Sometimes it will happen that a port will be accidentally linked up to another port on the same local switch. When this happens on a switch, both the Root Path Cost and the Bridge ID used in the second type of comparison algorithm will be the same, in this case, the Port ID on the local switch will be used to break the tie; the port with the lowest Port ID on the local switch will be the Designated Port, and the other port will be the Backup Port.

In the above diagram, Switch C is not running any Spanning Tree protocol, which means it will flood all received Spanning Tree information out to all the connected neighbor bridges (including switch B itself). This means that the Spanning Tree information sent from Switch B will be processed directly by Switch D and Switch B itself (it will receive the same Spanning Tree packet on port 2 which was sent out from port 1, and vice versa). For switch B, since both the Root Path Cost and the Bridge ID in the Spanning Tree packets received on ports 1 & 2 will be same (they came from the same switch, namely, switch B itself), in this case, the Port ID in the Spanning Tree packet will be used to break the tie. Since port 1 on switch B received a Spanning Tree packet with a port ID that is inferior to itself (port 2, which is inferior to port 1), port 1 becomes the Designated Port, and port 2 will become the Backup Port.


Path Cost

By default, each port on a Spanning Tree switch will be assigned a Path Cost based on the port's transmission speed, according to the IEEE standard below.

Link speed Recommended value
Less than or equal 100Kb/s 200,000,000
1 Mb/s 20,000,000
10 Mb/s 2,000,000
100 Mb/s 200,000
1 Gb/s 20,000
10 Gb/s 2,000
100 Gb/s 200
1 Tb/s 20
10 Tb/s 2

Although you will rarely need to adjust these settings because the default values should work fine in most scenarios, however, there are times when you might need to adjust these values manually, in order to influence the location of the Alternate Port or the Root Port.

In the above RSTP network with a redundant ring, the blocking port for the redundant ring is located on Switch B, based on the Bridge ID of the Root Bridge.

After modifying the Path Cost of port 1 on Switch D from 20K to 200K, this port has now become the blocking port for the redundant ring.


Port Priority

By default each port on a Spanning Tree switch will be assigned a Port Priority of 128, according to the IEEE standard. This Port Priority is part of the Port ID, which is a concatenation of 2 values: Port Priority (4 bits) + Interface ID (12 bits). Although you will rarely need to adjust these settings because the default values should work fine in most scenarios, however, there are times when you might need to adjust these values manually, in order to influence the location of the Alternate Port or the Root Port or the Backup Port.

Port Priority is part of the Port ID, which is a concatenation of 2 values: Port Priority (4 bits) + Interface ID (12 bits).

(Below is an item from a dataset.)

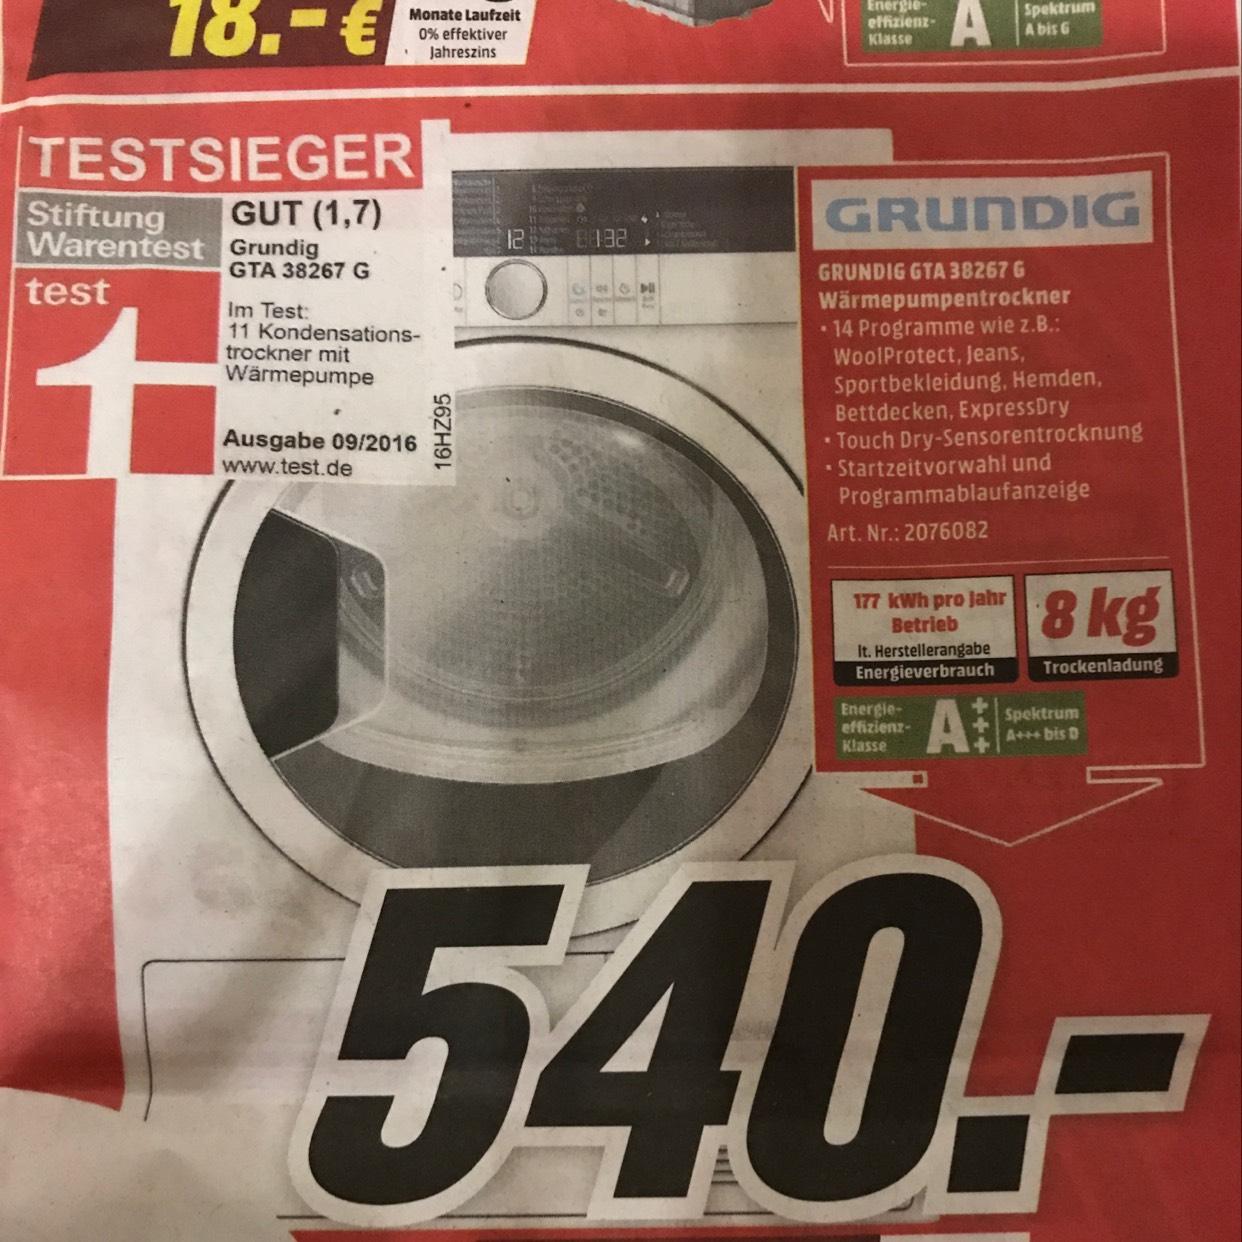 Lokal Grundig GTA 38267 G Wärmepumpentrockner ++Testsieger++
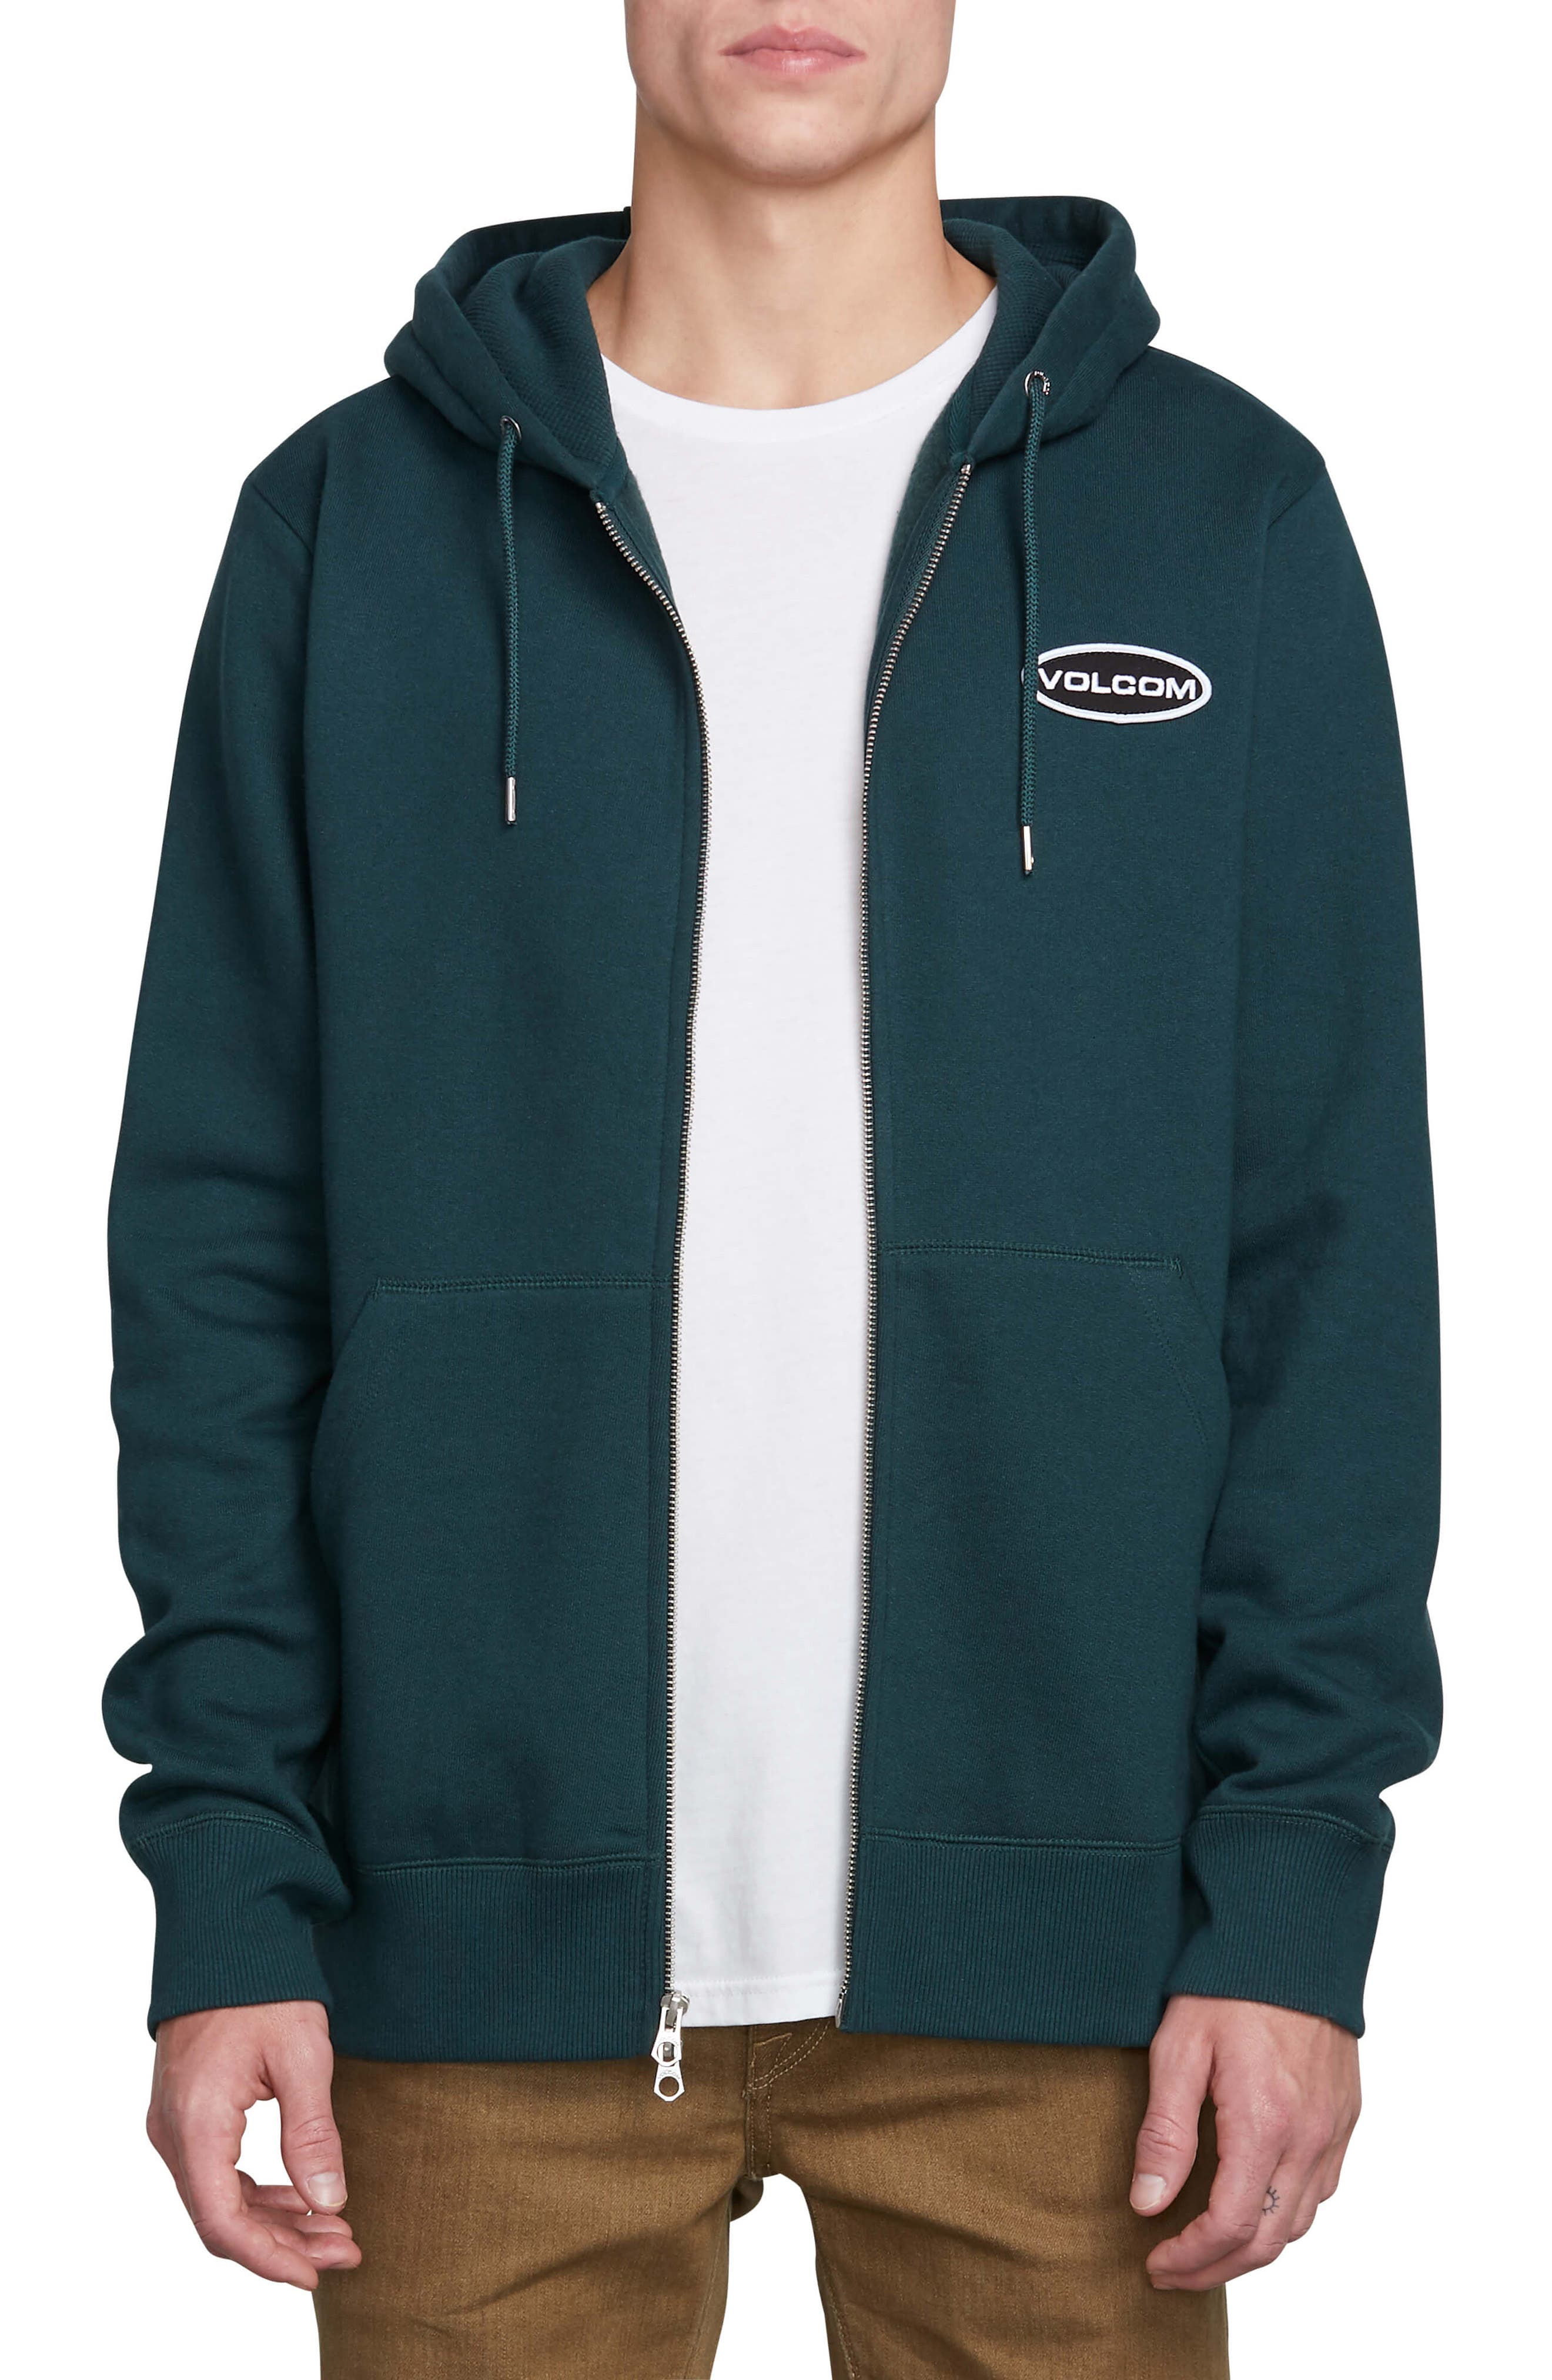 VOLCOM,                             Shop Zip Hoodie Jacket,                             Main thumbnail 1, color,                             DARK PINE

In the above diagram, Switch C is not running any Spanning Tree protocol, which means it will flood all received Spanning Tree information out to all the connected neighbor bridges (including switch B itself). This means that the Spanning Tree information sent from Switch B will be processed directly by Switch D and Switch B itself (it will receive the same Spanning Tree packet on port 2 which was sent out from port 1, and vice versa). For switch B, since both the Root Path Cost and the Bridge ID in the Spanning Tree packets received on ports 1 & 2 will be same (they came from the same switch, namely, switch B itself), in this case, the Port ID in the Spanning Tree packet will be used to break the tie. Even though port 1 is superior to port 2 in Interface ID, but port 1 has an inferior Port Priority (144) then port 2 (128), and since Port Priority is the more significant portion of the Port ID than Interface ID when Port ID is considered as a whole, in this case, the Port ID of Port 1 is actually inferior to the Port ID of port 2. Because port 1 on switch B received a Spanning Tree packet with a Port ID that is superior to itself, port 1 will become the Backup Port, and port 2 will become the Designated Port.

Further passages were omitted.